将棋の藤井聡太棋聖(18)が24日、東京都渋谷区の将棋会館で第33期竜王戦(読売新聞社主催)の決勝トーナメントの初戦に臨み、元名人の丸山忠久九段(49)に116手で敗れた。藤井棋聖は16日にタイトルを獲得してから初黒星で、今期の竜王位獲得の可能性はなくなった。
両者は初対戦。午前10時に始まった対局は、同じ局面が繰り返し出現する千日手(せんにちて)(引き分け)が午後3時43分に成立した。指し直し局は、丸山九段が得意とする「一手損角換わり」を採用。藤井棋聖の消費時間が丸山九段より2時間以上多い時間帯が続き、藤井棋聖は中盤で「1分将棋」になった。その後、巧みに攻めた丸山九段が押し切った。
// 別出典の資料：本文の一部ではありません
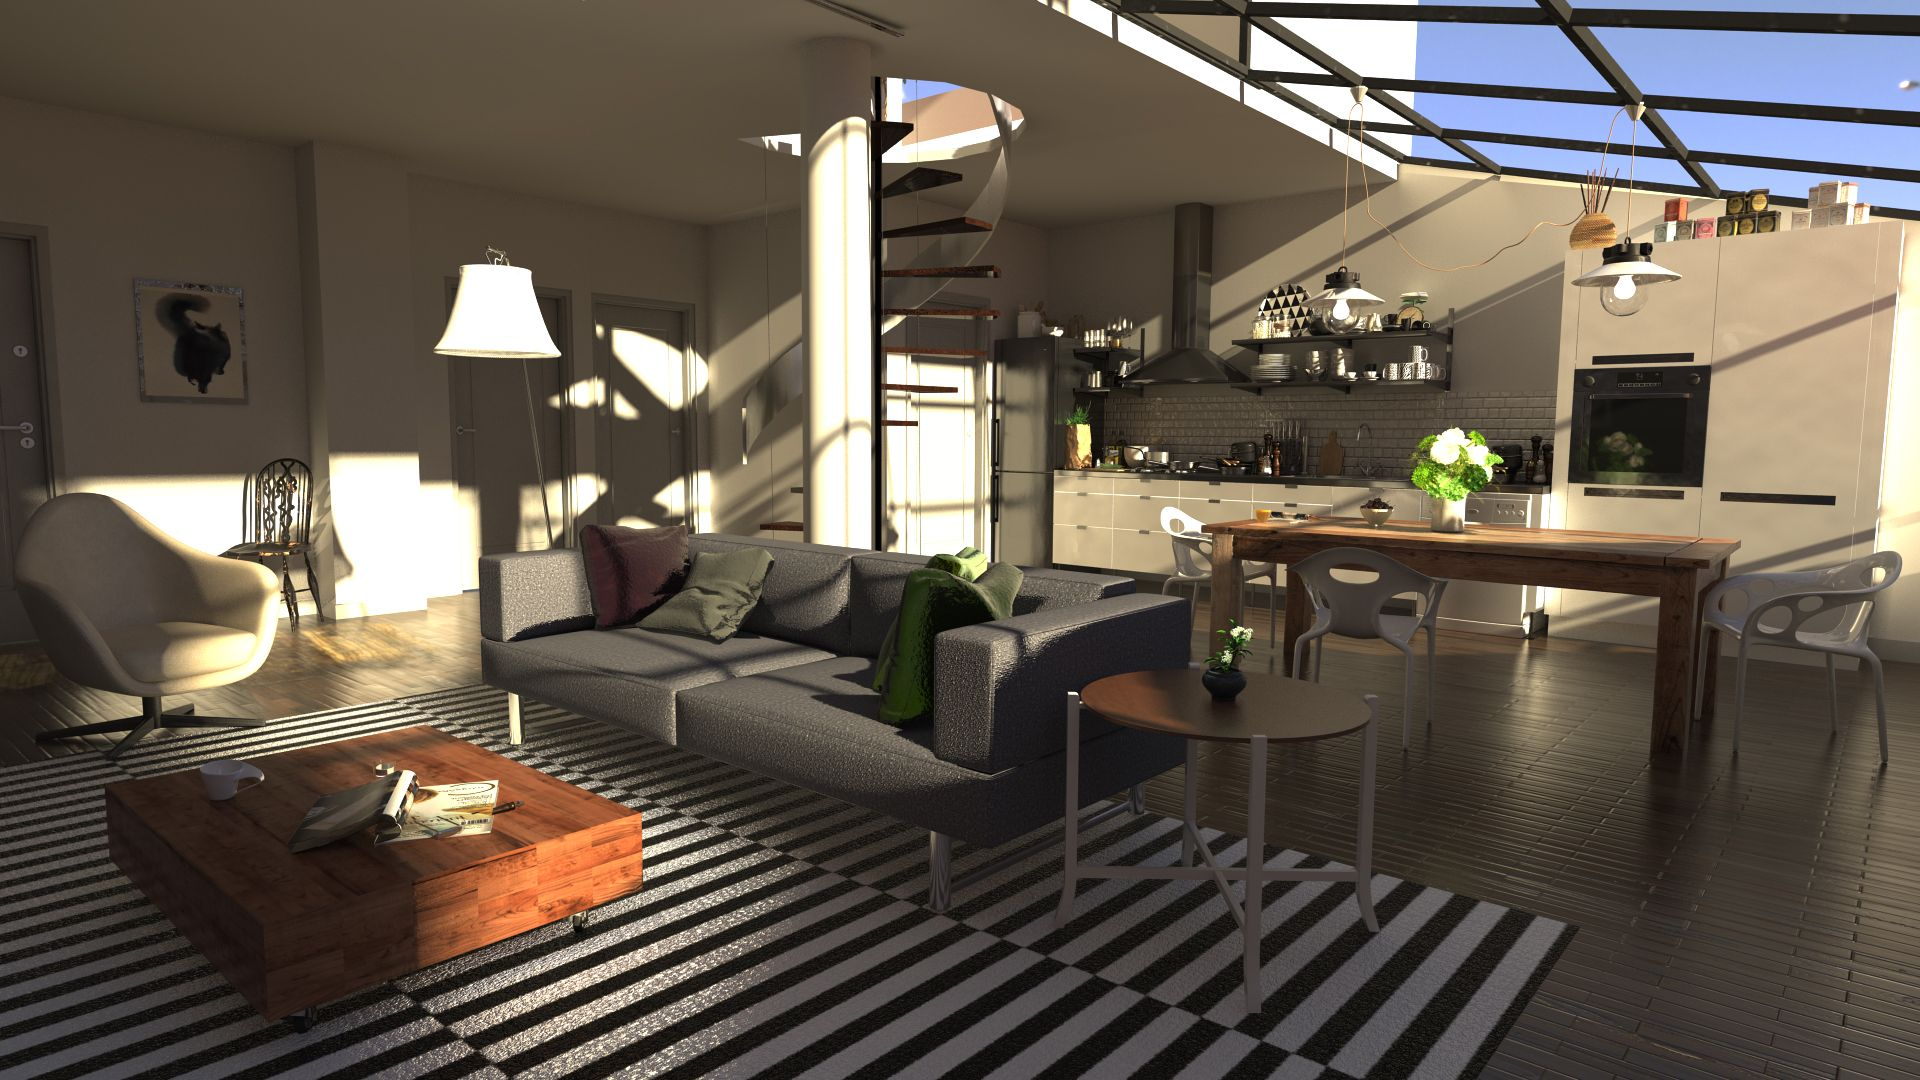 Diseño vivienda - Marta Moreno

対局後、藤井棋聖は「早い段階で形勢を損ねてしまって、苦しい展開が続いた。時間の面で不利だったが、そこは割り切って指そうと思った」、丸山九段は「いい攻めが見えなかったので、わからなかった。持ち時間がないと厳しいと思った」と話した。
丸山九段は名人2期、棋王1期の実績がある。健啖家(けんたんか)として知られ、この日の昼食では藤井棋聖が「肉豆腐弁当」を注文したのに対し、丸山九段は「肉豆腐弁当」に加えて「チキン南蛮弁当」も注文した。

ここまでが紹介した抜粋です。